# Work to be completed:
In this exercise, the entries below include pictures. Repeat exactly the lines from the line with "Burner Kupfer 600" to the line with "Bộ Salon tre trúc phòng khách cổ điển", including both, but without the pictures.
═════ Records for the exercise
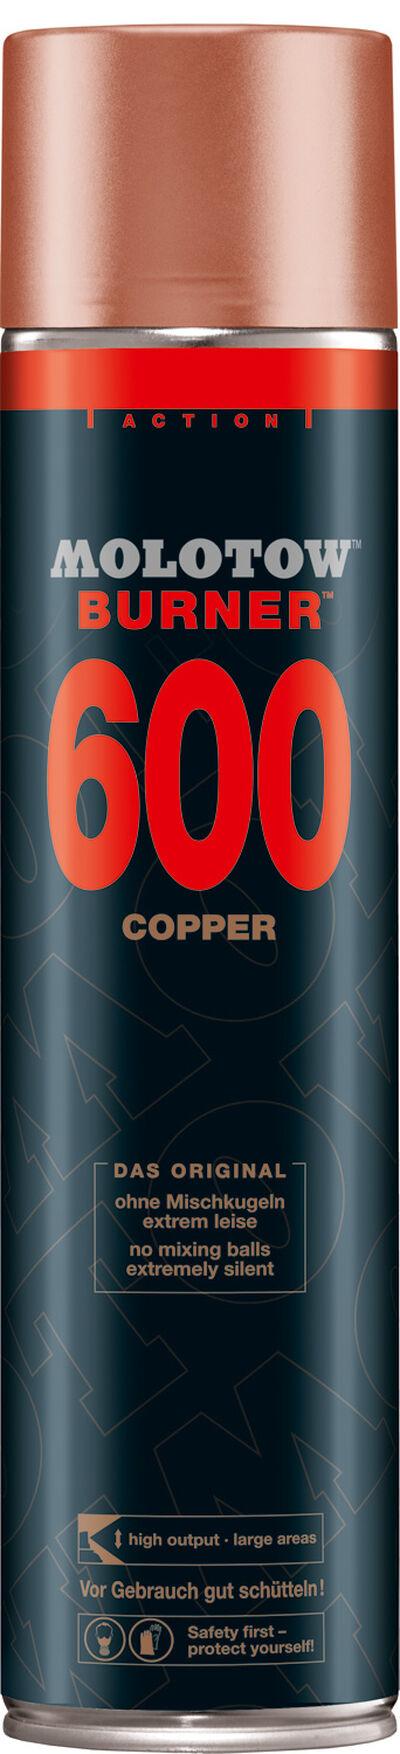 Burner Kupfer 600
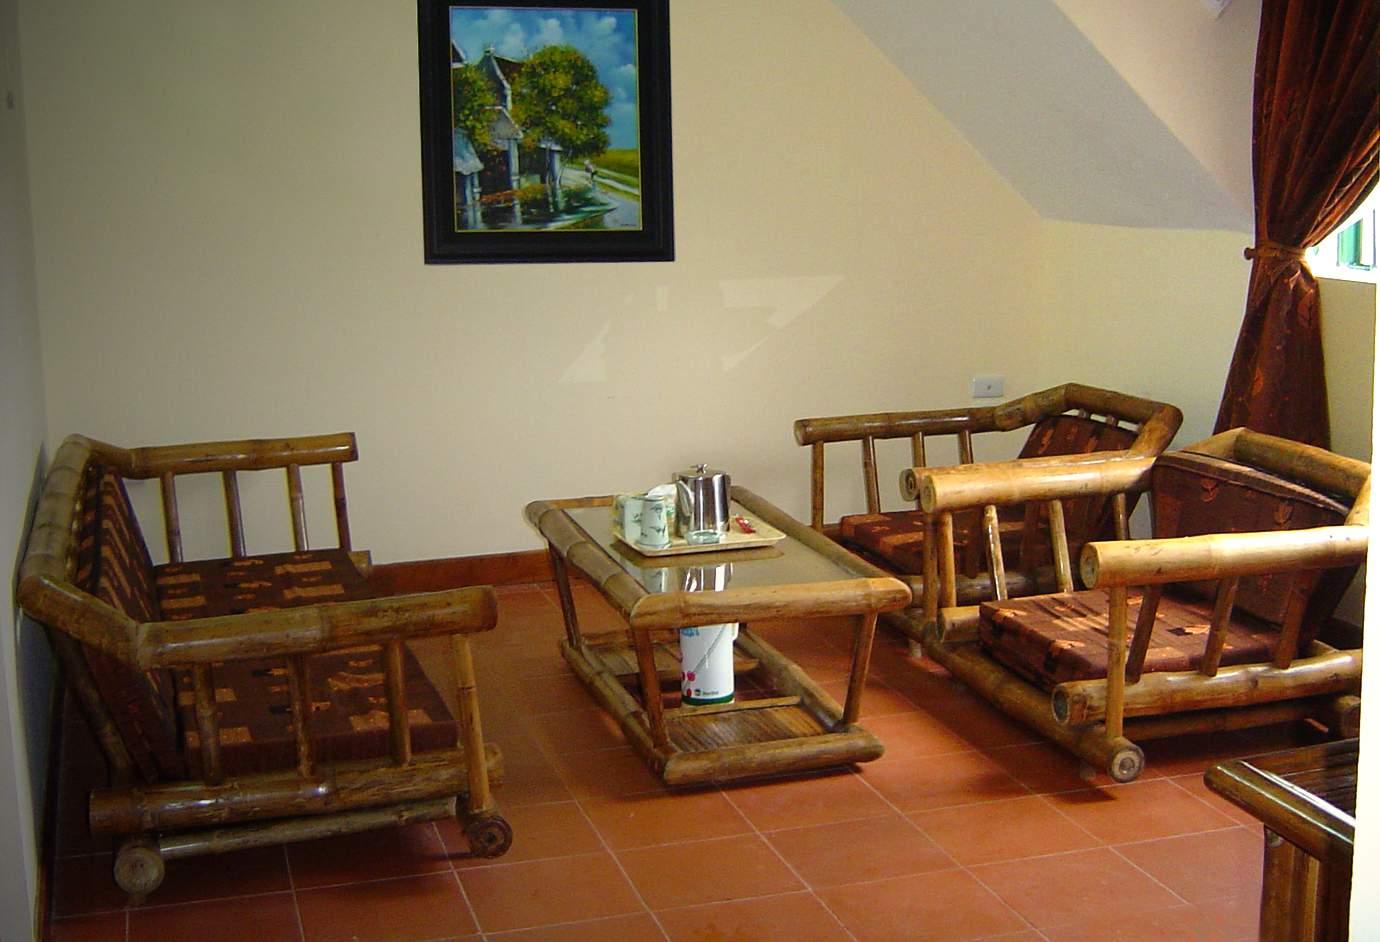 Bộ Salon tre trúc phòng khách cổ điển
══════════
═════ Records for the exercise
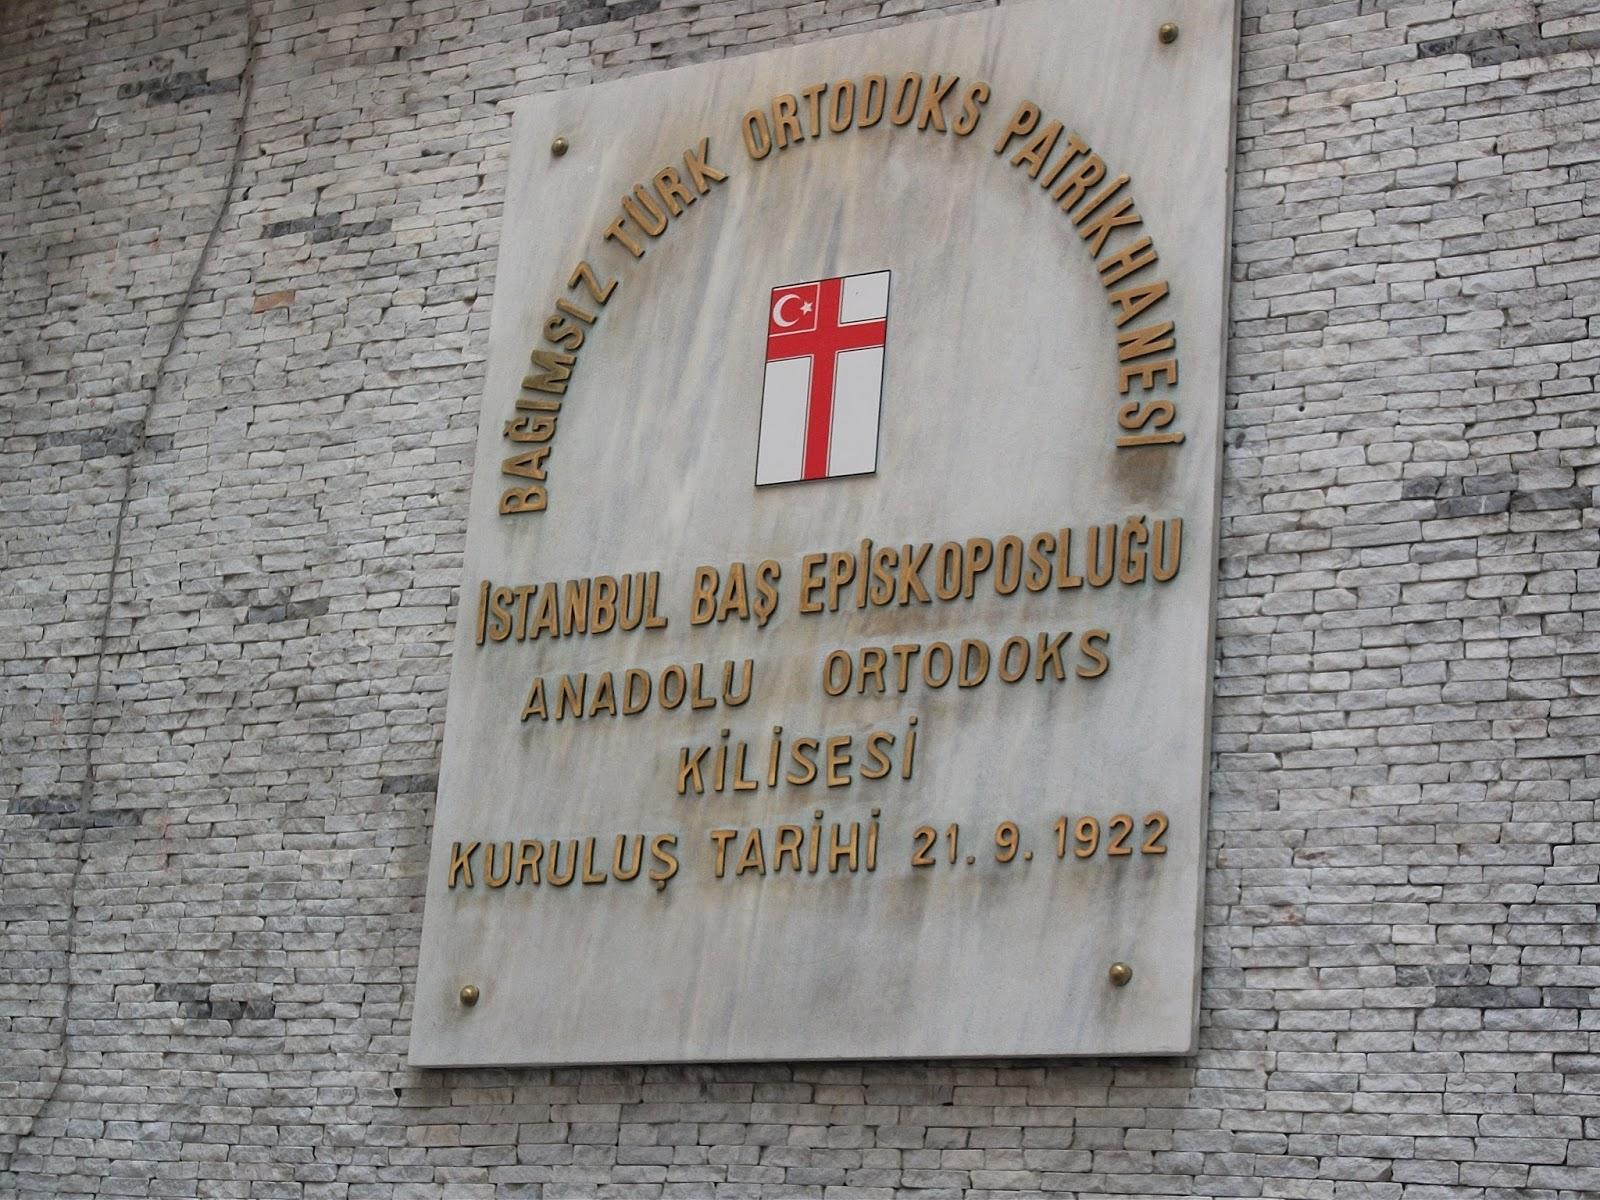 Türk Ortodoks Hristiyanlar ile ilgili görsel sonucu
══════════
# Your response:
 Burner Kupfer 600
 Bộ Salon tre trúc phòng khách cổ điển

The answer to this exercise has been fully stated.